Most network communication today happens over HTTP — the protocol that powers the web, REST APIs, microservices, and increasingly, machine-to-machine communication. WebSockets extend HTTP to provide full-duplex, persistent connections for real-time applications.

This chapter covers HTTP from the programmer’s perspective: making requests, building APIs, and implementing real-time communication with WebSockets.


HTTP Fundamentals

Request and Response

HTTP follows a request-response model:

Client → Server:
  GET /api/users HTTP/1.1
  Host: api.example.com
  Accept: application/json
  Authorization: Bearer token123

Server → Client:
  HTTP/1.1 200 OK
  Content-Type: application/json
  Content-Length: 42

  [{"id": 1, "name": "Alice"}]

HTTP Methods

Method Purpose Idempotent Safe
GET Retrieve a resource Yes Yes
POST Create a resource No No
PUT Replace a resource entirely Yes No
PATCH Partially update a resource No No
DELETE Remove a resource Yes No
HEAD Like GET but response has no body Yes Yes
OPTIONS Describe communication options Yes Yes

Status Codes

Range Category Common Codes
1xx Informational 100 Continue, 101 Switching Protocols
2xx Success 200 OK, 201 Created, 204 No Content
3xx Redirection 301 Moved, 302 Found, 304 Not Modified
4xx Client Error 400 Bad Request, 401 Unauthorized, 403 Forbidden, 404 Not Found
5xx Server Error 500 Internal Error, 502 Bad Gateway, 503 Service Unavailable

HTTP Clients with requests

The requests library is Python’s standard for synchronous HTTP:

import requests

# GET request
response = requests.get("https://httpbin.org/get")
print(response.status_code)  # 200
print(response.json())       # Parsed JSON

# POST with JSON body
data = {"name": "Alice", "email": "alice@example.com"}
response = requests.post("https://httpbin.org/post", json=data)

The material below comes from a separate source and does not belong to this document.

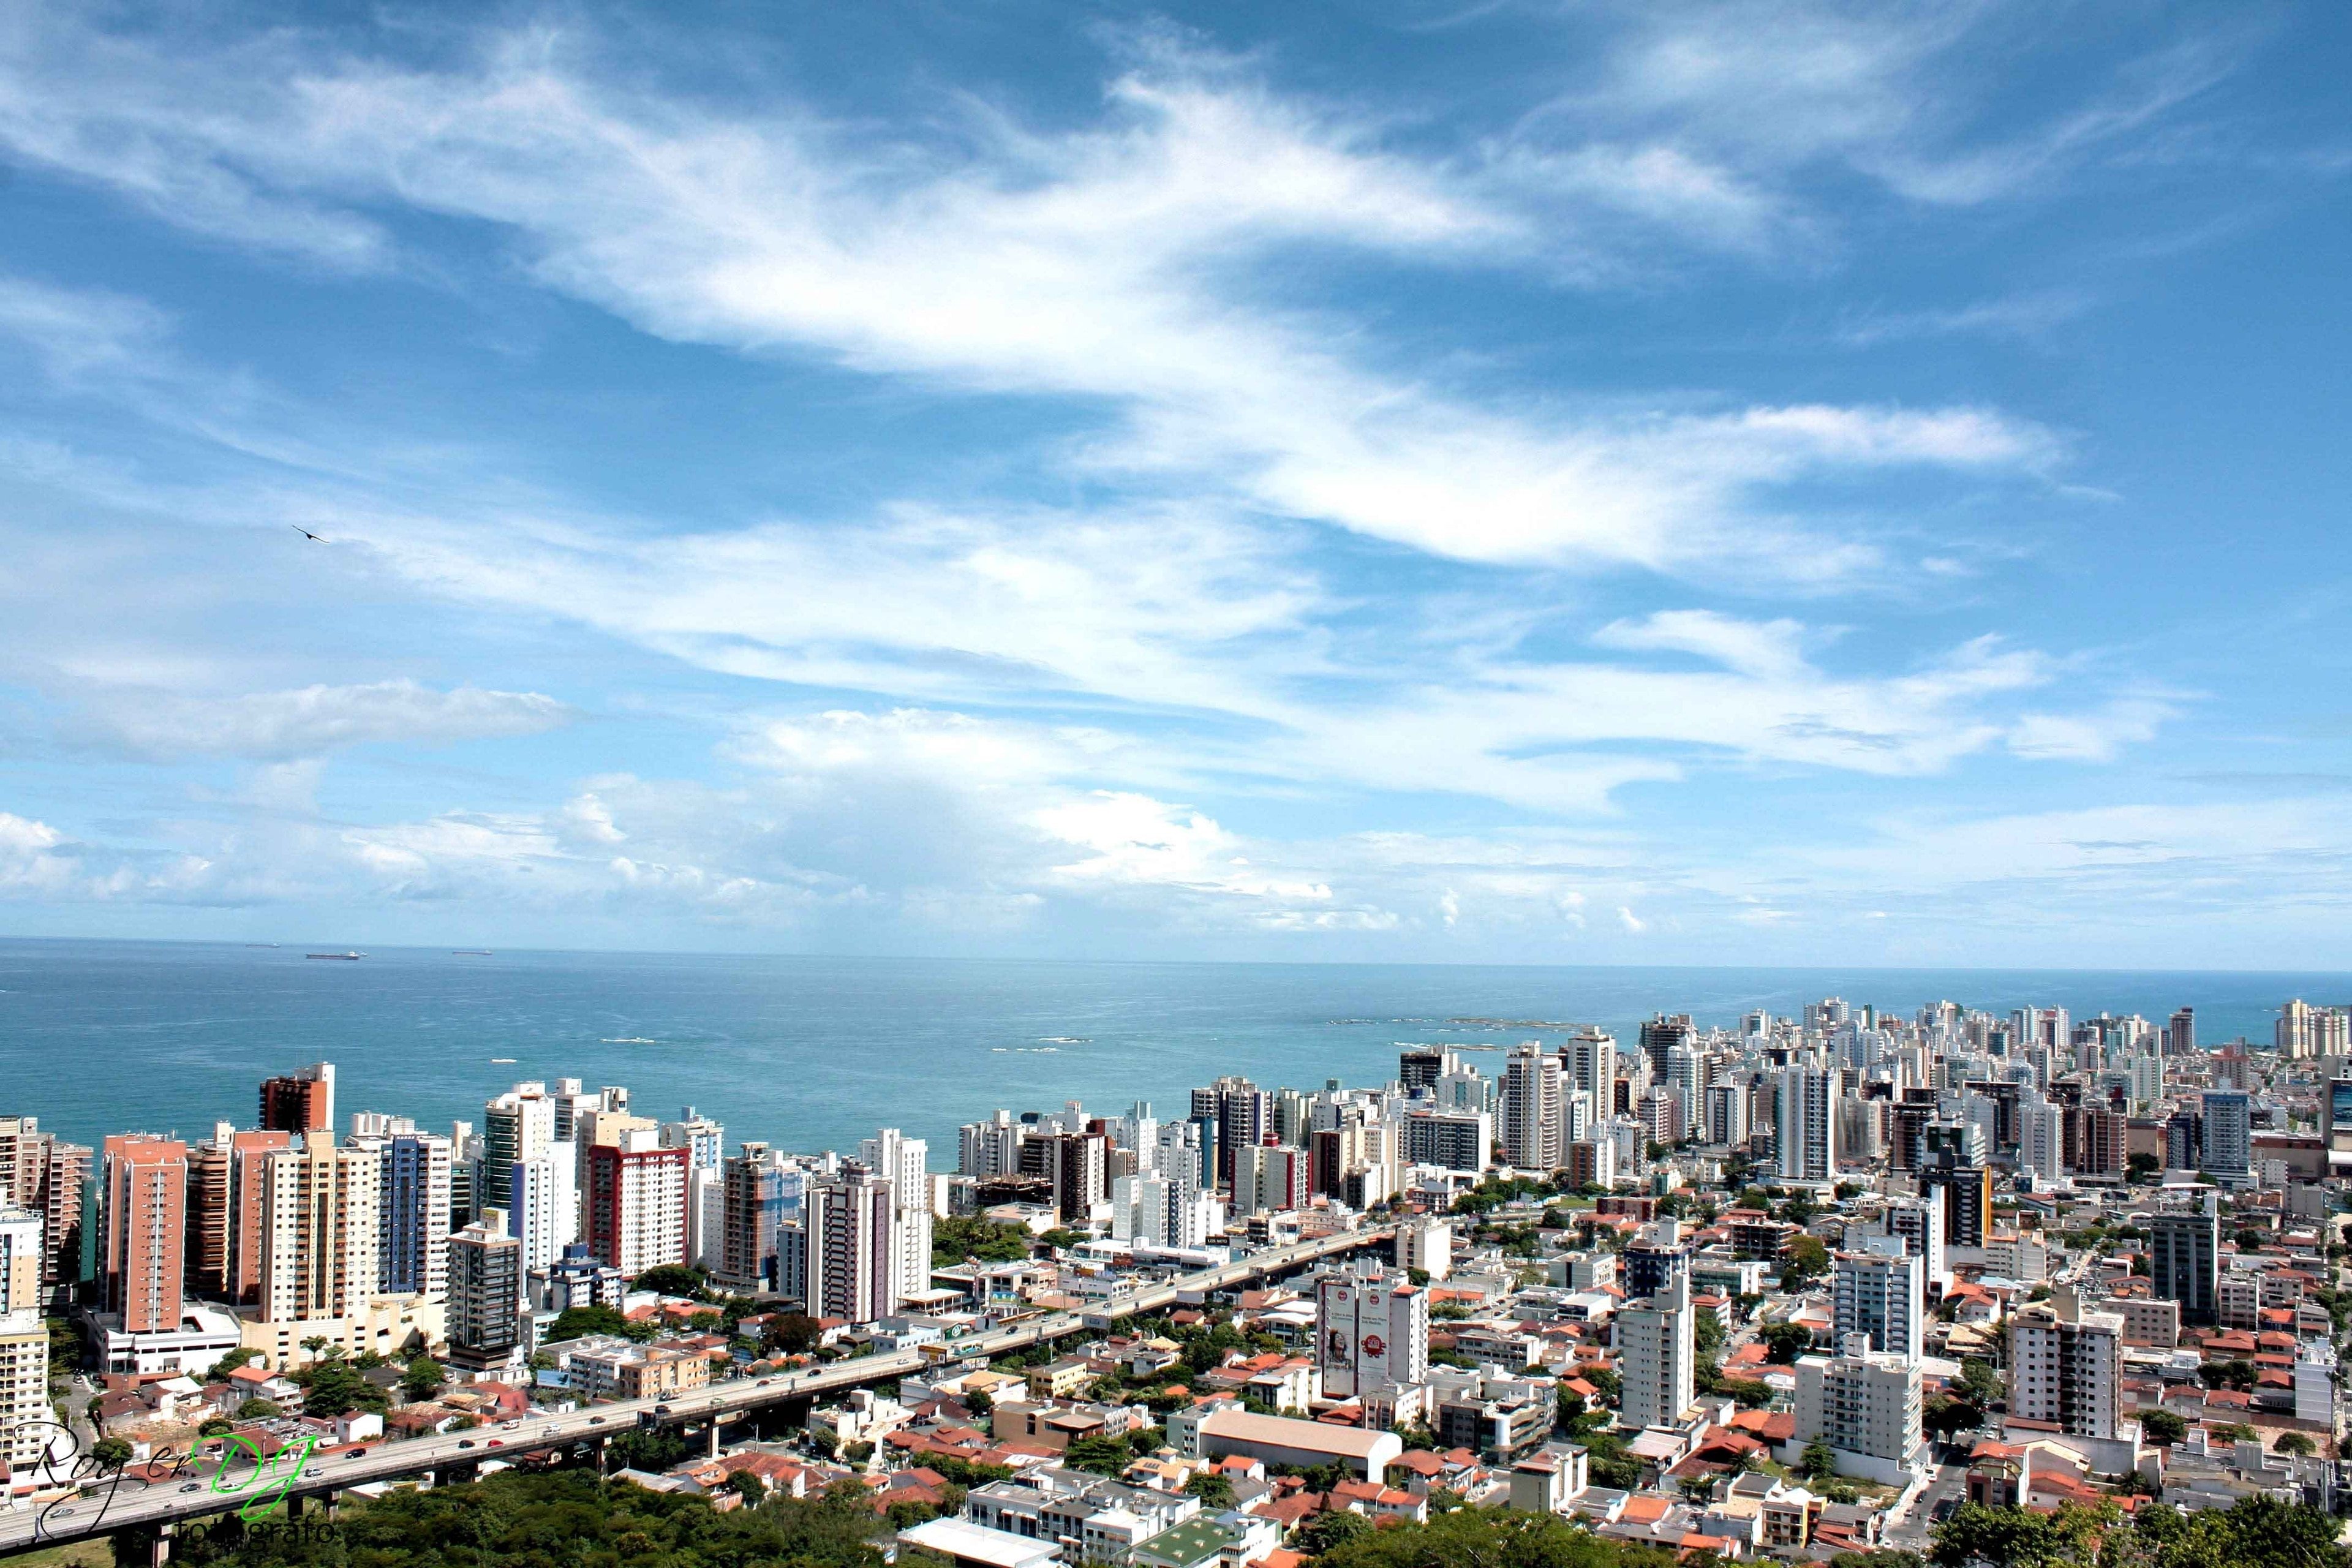 Vila Velha, Bundesstaat Espírito Santo, Brasilien

# Custom headers and authentication
response = requests.get(
    "https://api.example.com/data",
    headers={"Accept": "application/json"},
    auth=("username", "password"),
    timeout=10,
)

Session Management

Use a Session to persist settings across requests (connection pooling, cookies, headers):

import requests

session = requests.Session()
session.headers.update({"Authorization": "Bearer token123"})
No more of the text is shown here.